Perfume: The Story of a Murderer

"Perfume: The Story of a Murderer" (Tom Tykwer, 2006) Give the director of "Run, Lola, Run" a zillion dollar budget and a best-seller to adapt and you get this monstrous little curiosity, with a role for Dustin Hoffman, yet. Unfortunately, Twyker can't meet the film's biggest challenge-communicating the sense of smell and doing it delicately, of course. The director can do little more than ecstatic shots of Ben Whishaw's Jean-Baptiste Grenouille huffing and puffing and sniffing the air--actually the other way around. And one just can't buy the novel and film's biggest conceit--that the young amateur perfumer can sense parts per million like a super-bloodhound, hours, even days after the source has passed. It's an idea at odds with the visual of a Paris in squalor that Tykwer has (quite rightly, I'd bet) presented. Young Grenouille has this incredibly sensitive snoot in a town of open sewers, outdoor markets and the thousand natural scents, both beautiful and repugnant, including the perfumery used by the citizenry to cover it all up. It doesn't read that he'd be so olfactorily fine-tuned.

That's the major hurdle. The other is the coarse rankness of the material, where women--it's always women--are killed serially, covered in animal fat to immediately preserve their scent, then the fat is scraped off and reduced down to its basic (one would presume) pheromone, and collected as an eau de copse. The plot all comes down to a...boil...when Alan Rickman's protective father suspects his daughter is being stalked by the little stinker, and highs her to the hinterlands at full gallop.

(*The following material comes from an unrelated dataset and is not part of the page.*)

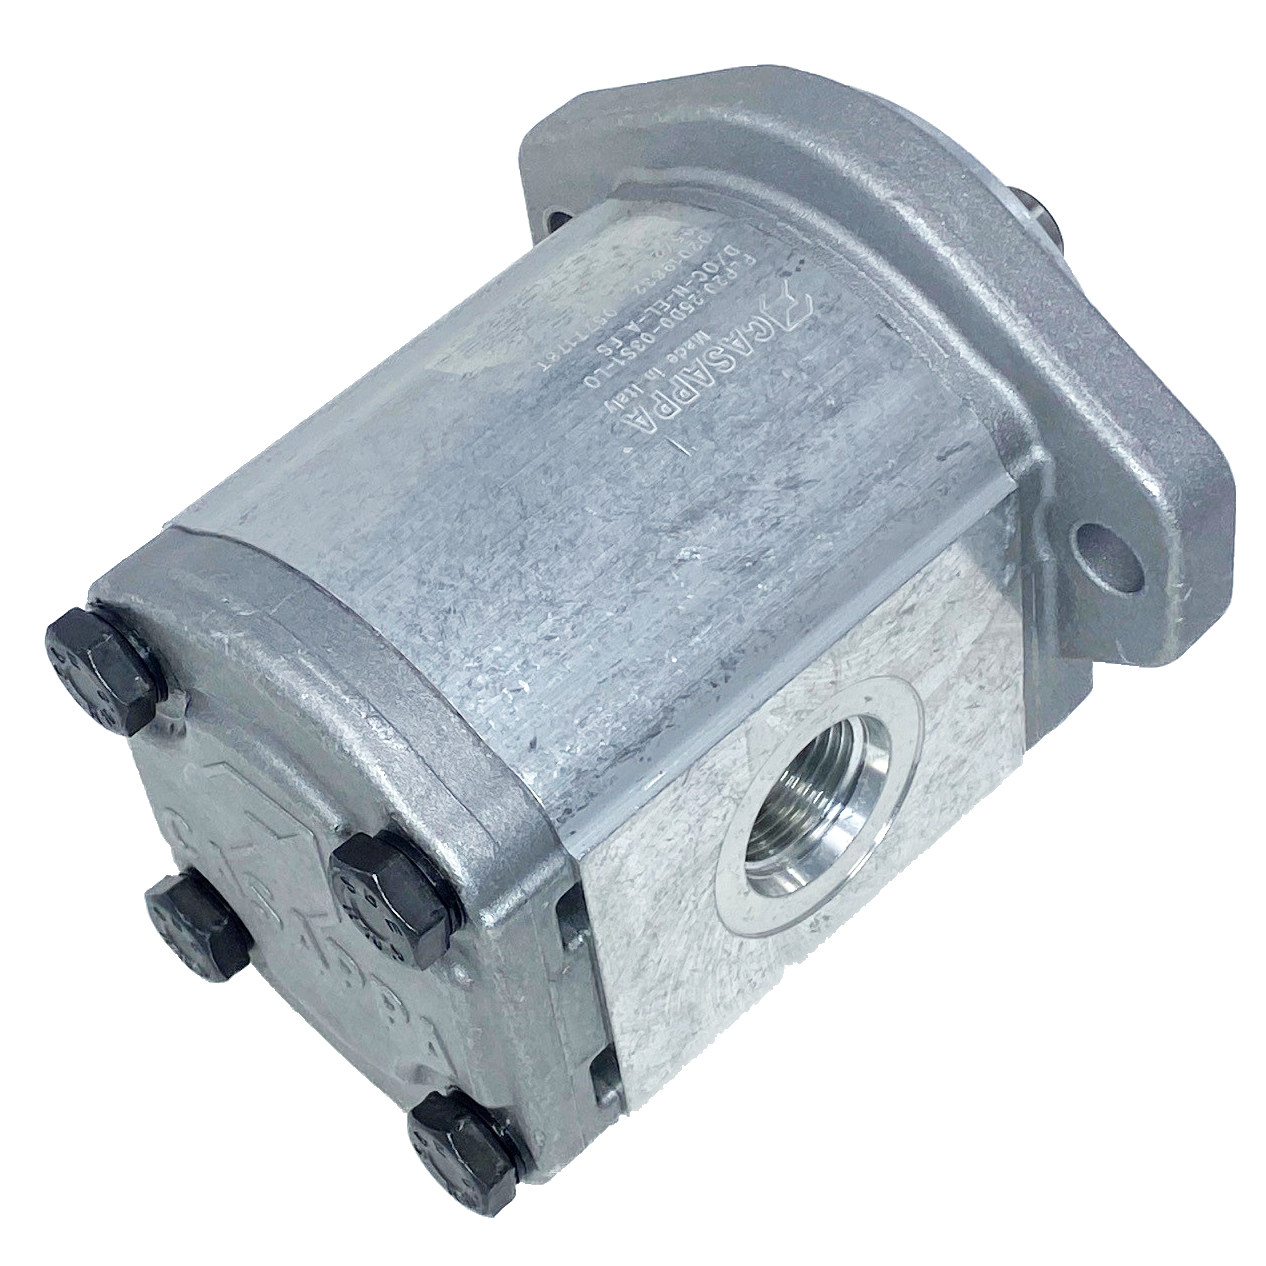 PLM20.25B0-31S1-LOC/OD-N-EL : Casappa Polaris Gear Motor, 26.42cc, 2465psi Rated, 3045RPM, Reversible Interior Drain, 5/8" Bore x 5/32" Key Shaft, SAE A 2-Bolt Flange, 0.625 (5/8") #10 SAE Inlet, 0.75 (3/4") #12 SAE Outlet, Aluminum Body & Flange

Despite his precautions Grenouille is able to track them on-foot despite the dughter's intoxicating scent being mixed with that of a sweating horse. This is where Tykwer's inability to sell the scent works to his advantage. You're not supposed to think about that in the absence of evidence.

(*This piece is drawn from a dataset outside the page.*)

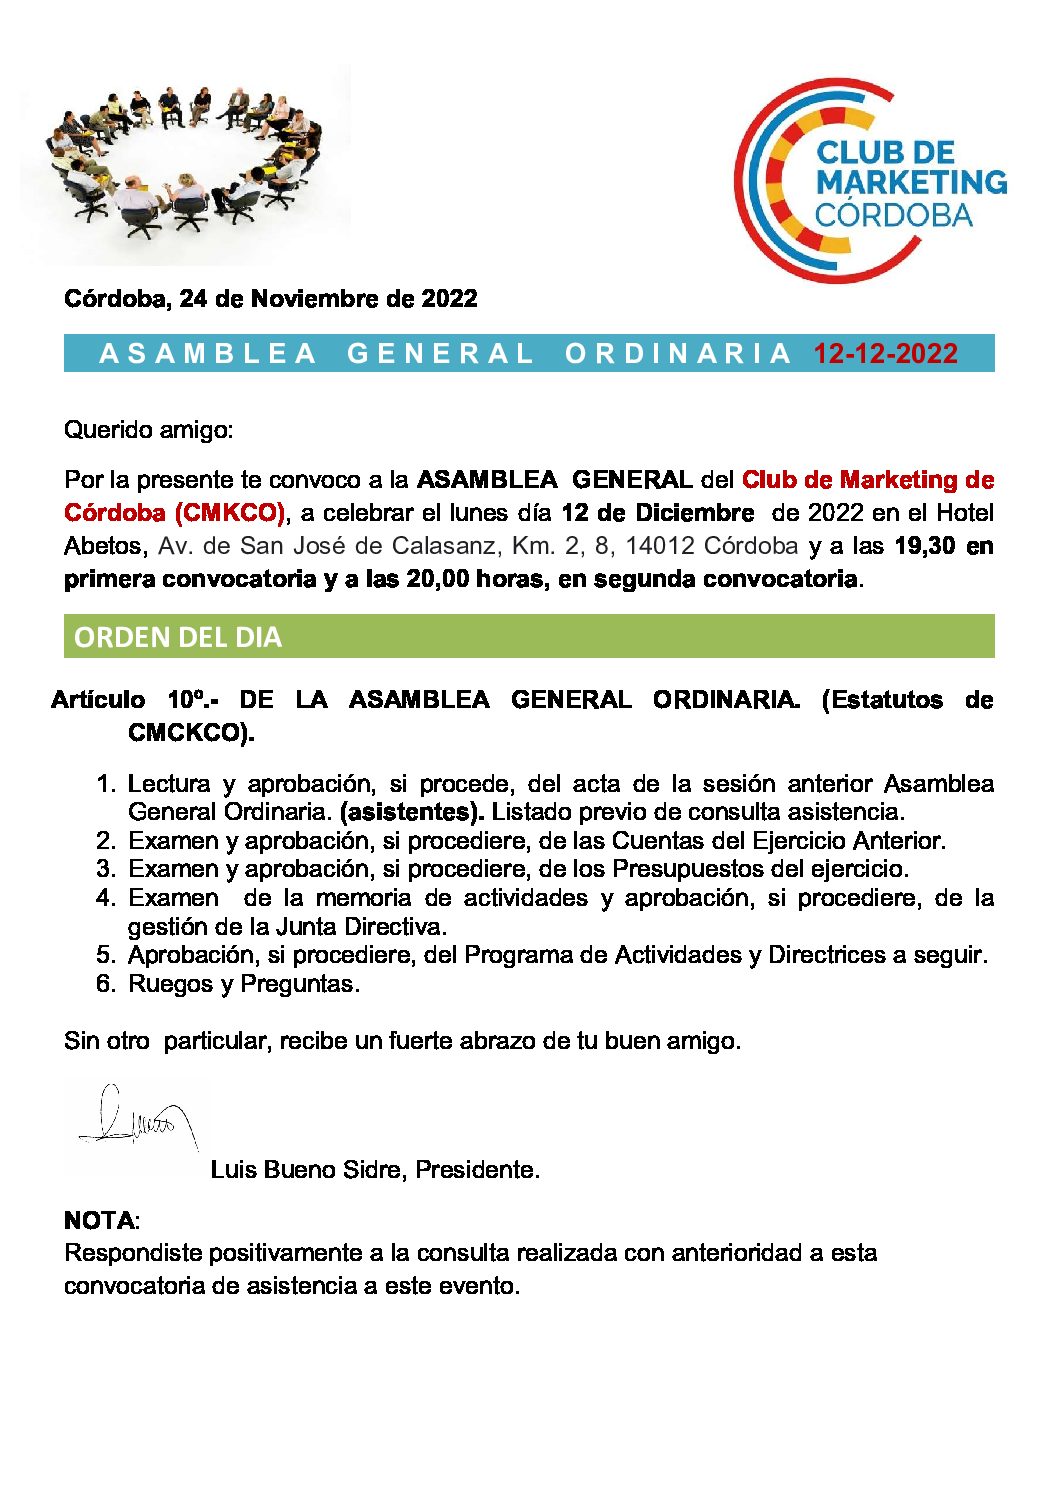 ASAMBLEA GENERAL ORDINARIA 12-12-2022

There are other troubling aspects to it, but let's come right to the nitty of the gritty. "Perfume" is just another in a series of serial killer movies which (sorry) boils down women to objects with an aspect to be coveted and destroyed for. It's not unlike "House of Wax" (whichever version) or the skin-suits of "The Silence of the Lambs." Despite being gussied up with period detail, sophistication of technique and aspects of subject matter, "Perfume: The Story of a Murderer" is just another horror movie with pretensions of grandeur. Despite all the attempts to cover it up, you can't hide the basic stink.